Maybe it’s time we made a meaningful attempt to clean up our language.
Another phrase that I personally use way too often is the term “21st-century learning” (or “21st-century skills”). It drives me crazy but I still fall into the trap. I have used the term more times than I can remember.
I know what I think it means but readily admit it may translate to mean different things for different people.
To me, 21st-century teaching means facilitating students’ creativity, critical thinking, communication skills, and collaboration, as well as the meaningful use of technology. To others, it could mean completing a worksheet on a laptop. Regardless, the term is poorly defined and often misused.
It’s now dead to me.
Even if I have to subject myself to repeated electroshock treatment, I am officially pledging to eradicate this phrase from my lexicon. I am scrubbing any reference to this inane terminology once and for all.
If you catch me in a conversation using this phrase, I want you to hold me accountable by kicking me swiftly in the shin.
I will warn you, I’m tall.
Think about this. In 1905, did people sit around and say, “you know, we need to start exposing these kids to 20th-century learning?”
When were we supposed to start teaching kids 21st-century skills? Every generation after the baby boomers will likely live the majority of their lives in this century. Shouldn’t we have been learning 21st-century skills back in 1975? And will 21st century learning in the year 2066 be the same as it is today?
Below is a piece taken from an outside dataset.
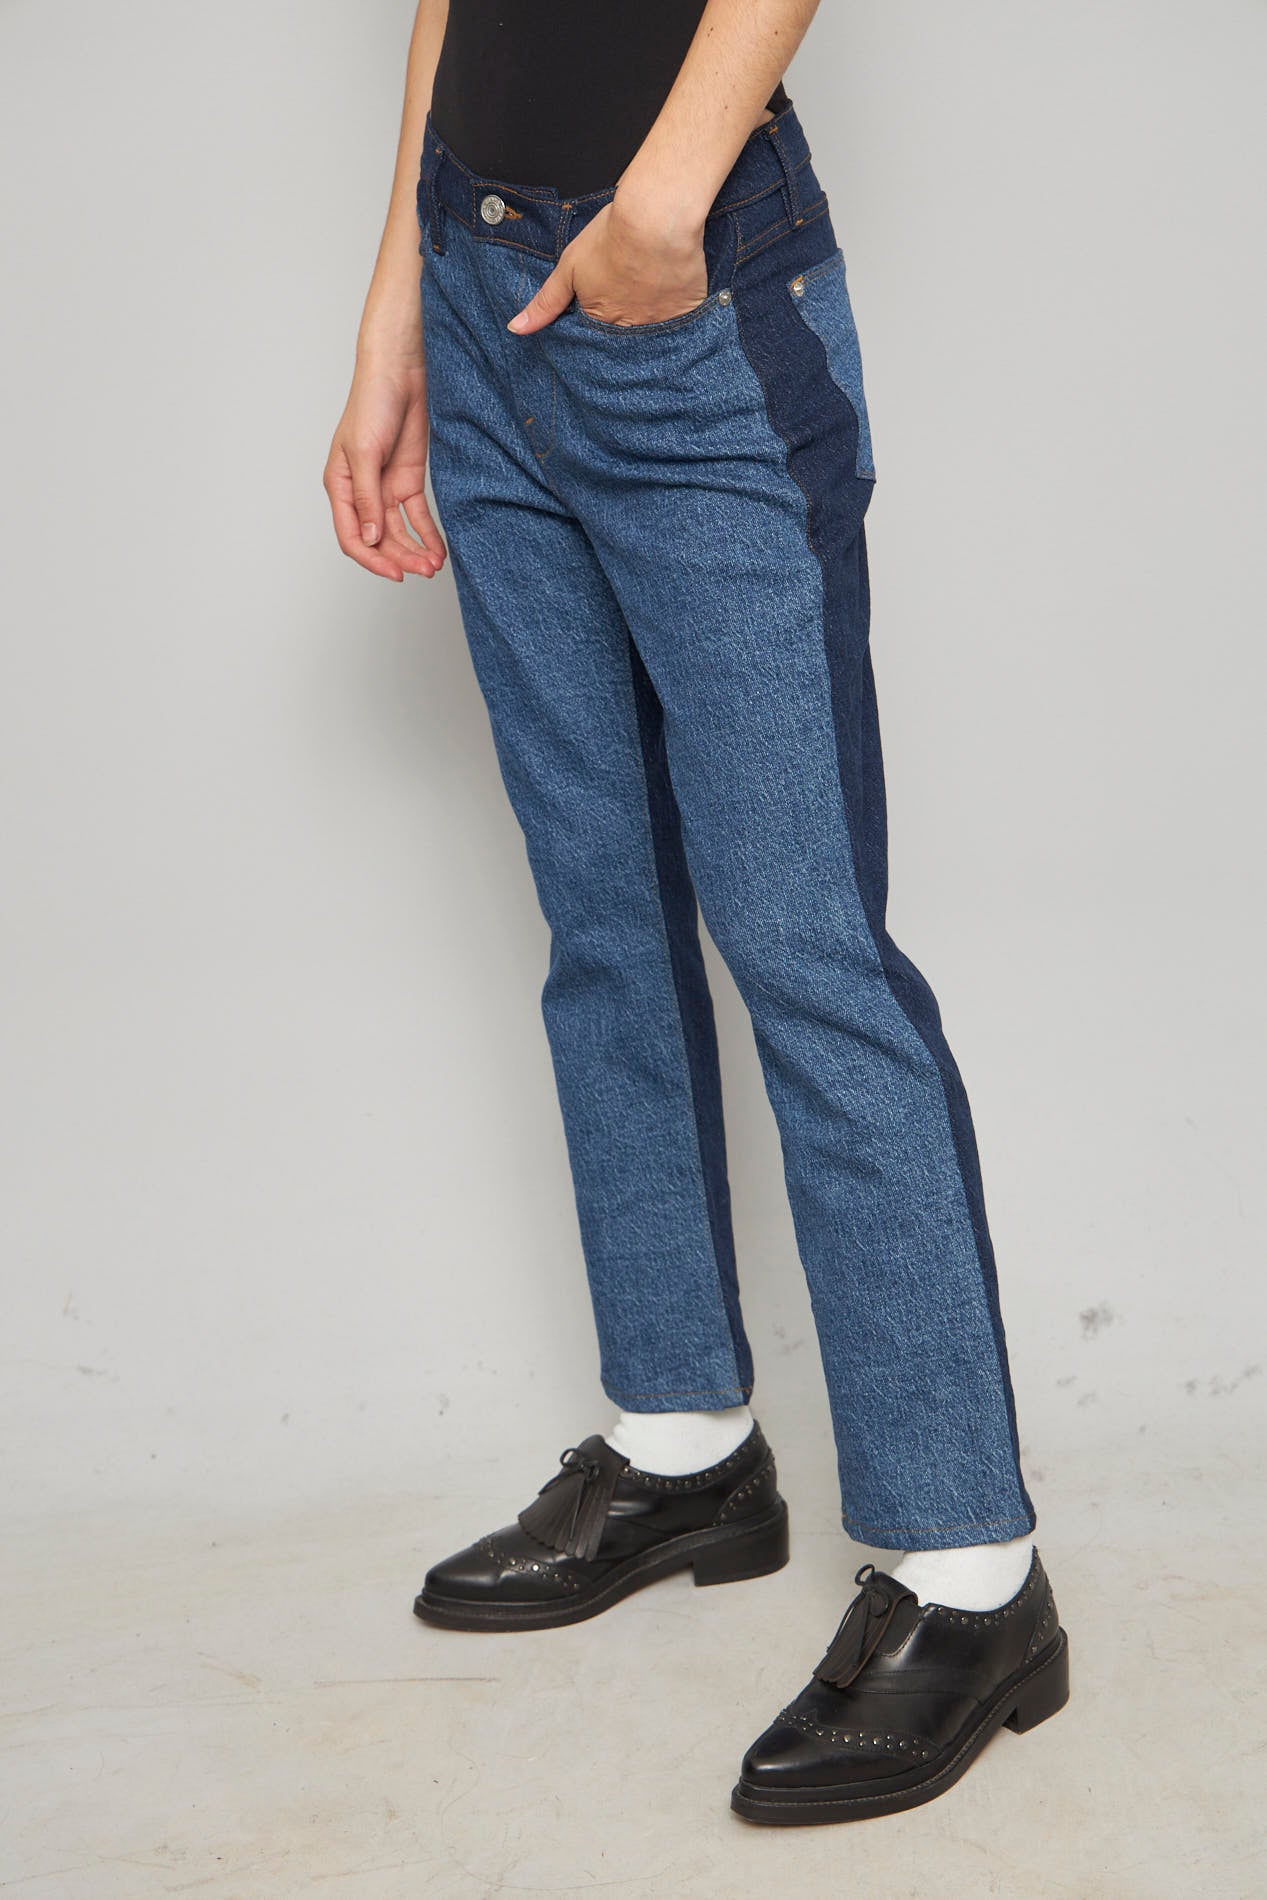 Jeans casual  azul frame  talla M 545

Not likely.
I obviously don’t know for certain, but I cannot imagine a classroom twenty years from now with thirty desks aligned in tidy rows with a teacher standing behind a podium while students take notes in their spiral notebooks with a #2 pencil.
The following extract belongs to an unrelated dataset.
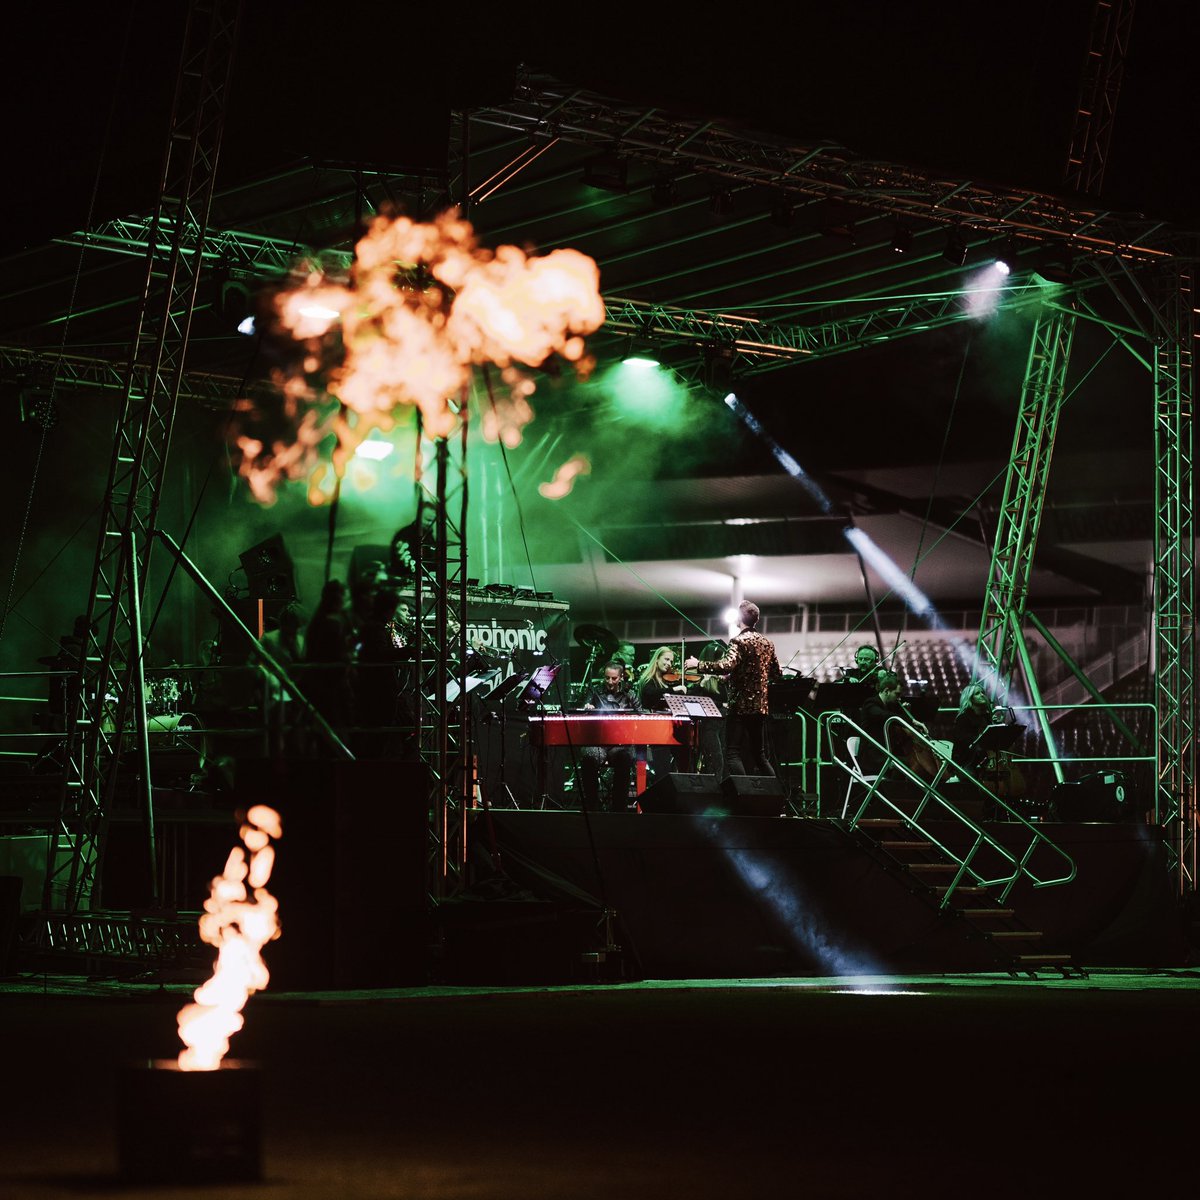 𝗧𝗵𝗮𝗻𝗸 𝘆𝗼𝘂 𝗦𝘆𝗺𝗽𝗵𝗼𝗻𝗶𝗰 𝗜𝗯𝗶𝘇𝗮 👏 How good were @symphonicibiza at Edgbaston last night!? Thank you for bringing our Ibiza Classics Fireworks Party to life 🙌 #Edgbaston | #Fireworks

These are not 21st-century skills now, but you still see them in most schools across America.
If you think about it, have we progressed in our thoughts about what learning should look like and could be in the last 10 years?
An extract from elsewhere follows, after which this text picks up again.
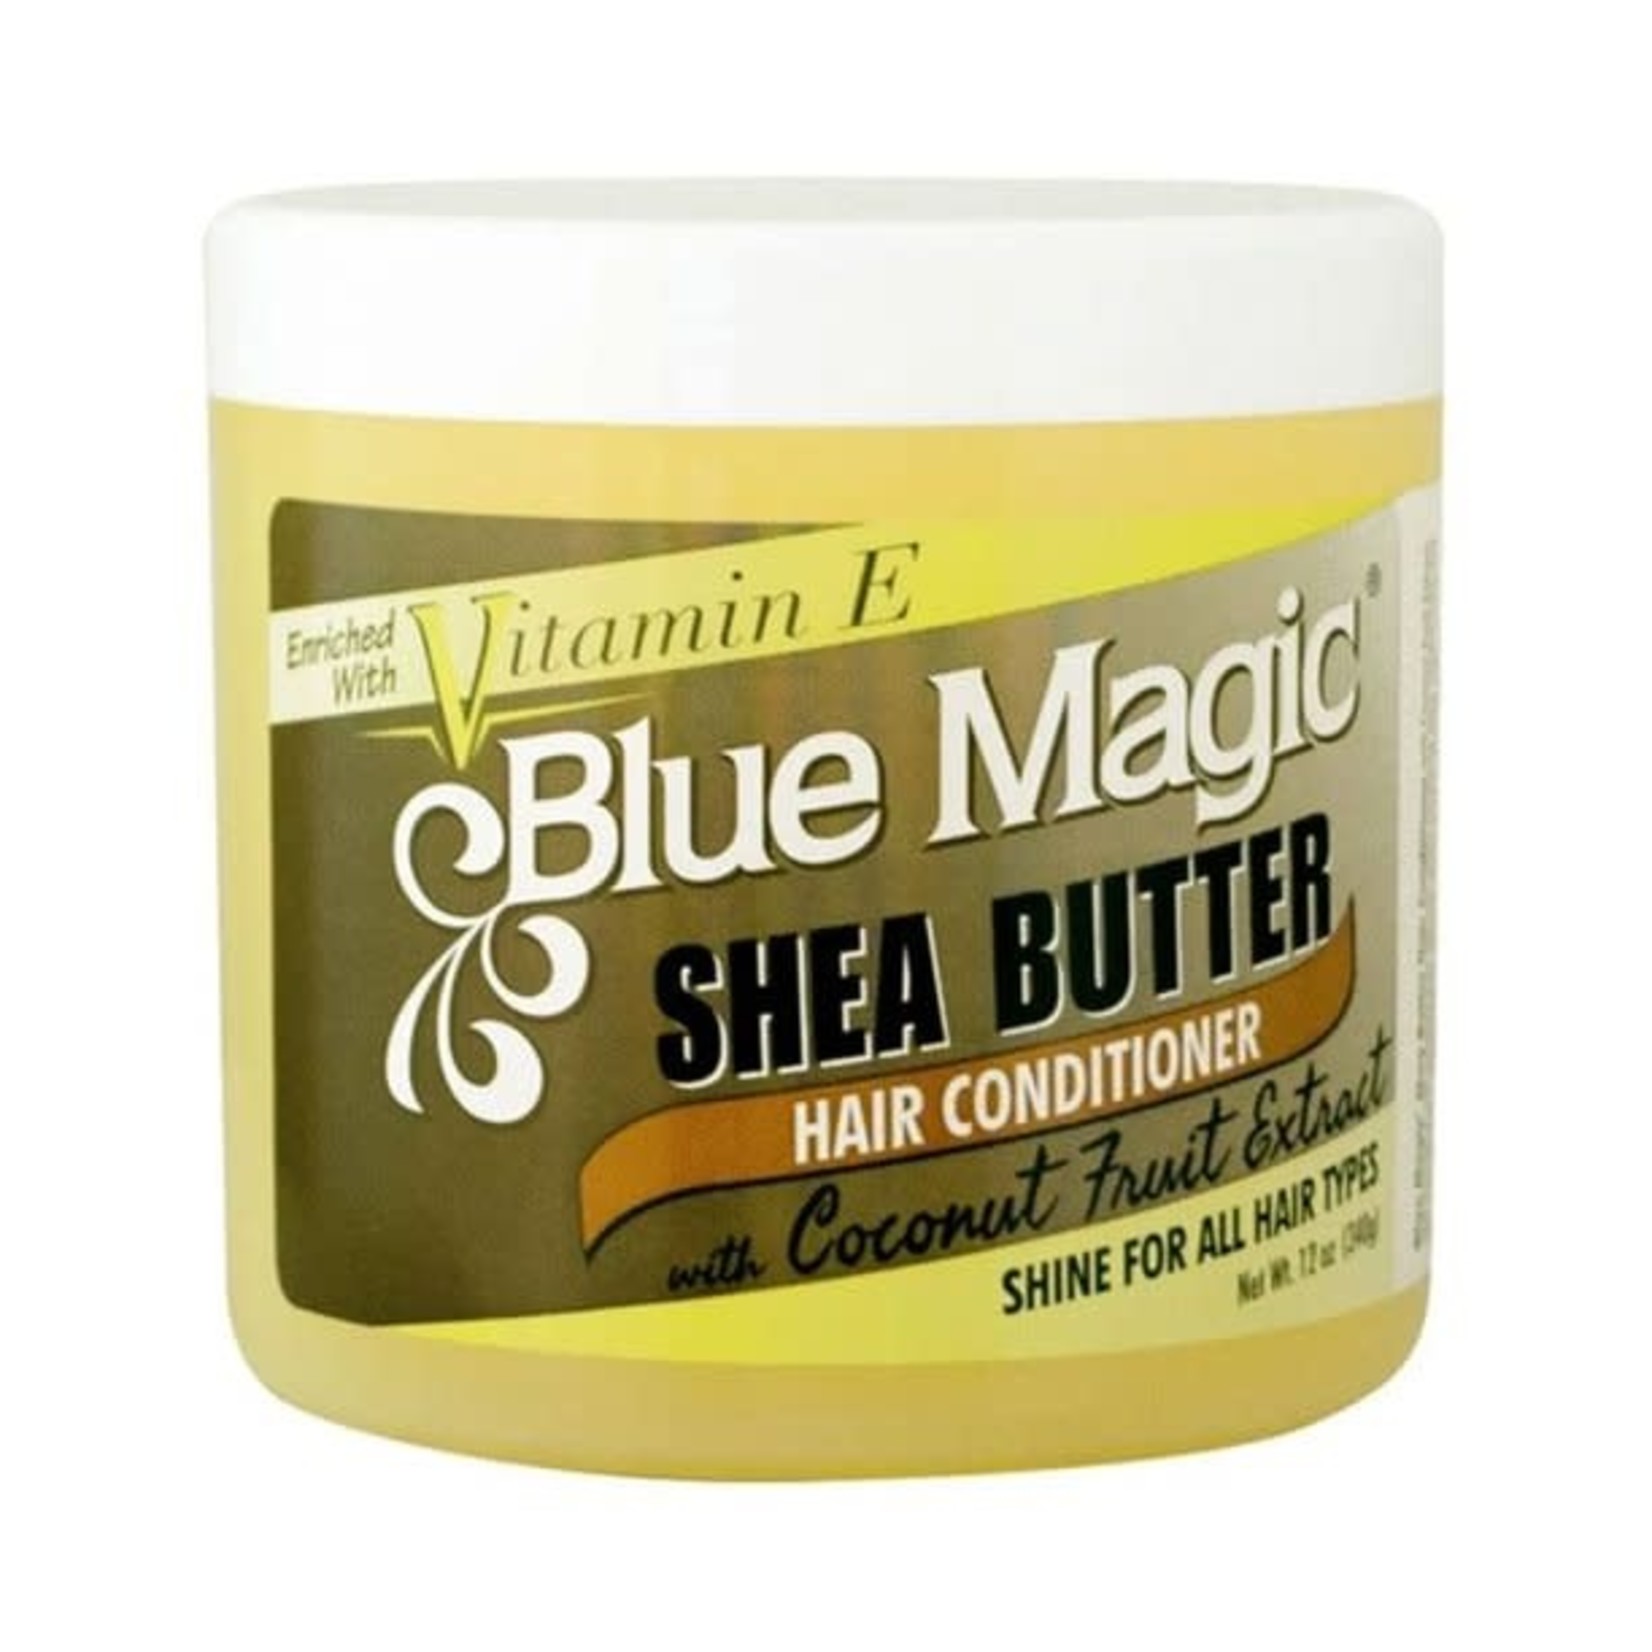 Blue Magic Shea Butter Hair Conditioner

It’s now 2016 and we still talk about teaching 21st-century skills as if they were some futuristic vision from a dystopian novel.
We’re there, people!
I am of the opinion that we just go ahead and jump to 22nd-century learning.
Considering it took almost 30 years for education to start implementing 21st century skills in earnest, it is probably not too early to begin thinking of where education will be in the next century.
Won’t the Chinese panic when we tell them we jumping ahead to the year 2100 for our education planning?
We will have some work to do. I recently read through the new Oklahoma Academic Standards and saw absolutely no standards related to 22nd-century skills, things like space travel, programming nanobots, mental telepathy, and teleportation.
On second thought, teleportation may be a 23rd-century skill. I’m just not sure.
In truth, we can no more imagine 22nd-century life than depression-era folks could imagine the age of the iPod.
We cannot even accurately predict what the world will look like in 2050, when today’s students enter middle age. With the potential for medical advances to extend the average human life spans beyond 100 years, maybe that’s not even a true statement.
Maybe we can all agree to just call what we do “teaching and learning” and drop the references to whatever century we are in.
Instead of using the term 21st-century classrooms in vague terms, let’s take the time to really define what we mean and what it looks like for teachers and students.
Here’s a challenge for school administrators. Throw the following graphic from Krissy Venosdale on the screen at your next faculty meeting and open it up for discussion. It could get very lively.
Admittedly, I think that both lists are somewhat limited and incomplete. Not everything on list A is necessarily always bad, and some of the items on list B would need clarification. But, it is a great discussion starter and may help pave the way for some small changes that will benefit teaching and learning in your building. In whatever century you’re in.
It’s not too late to start. It is 2016, after all.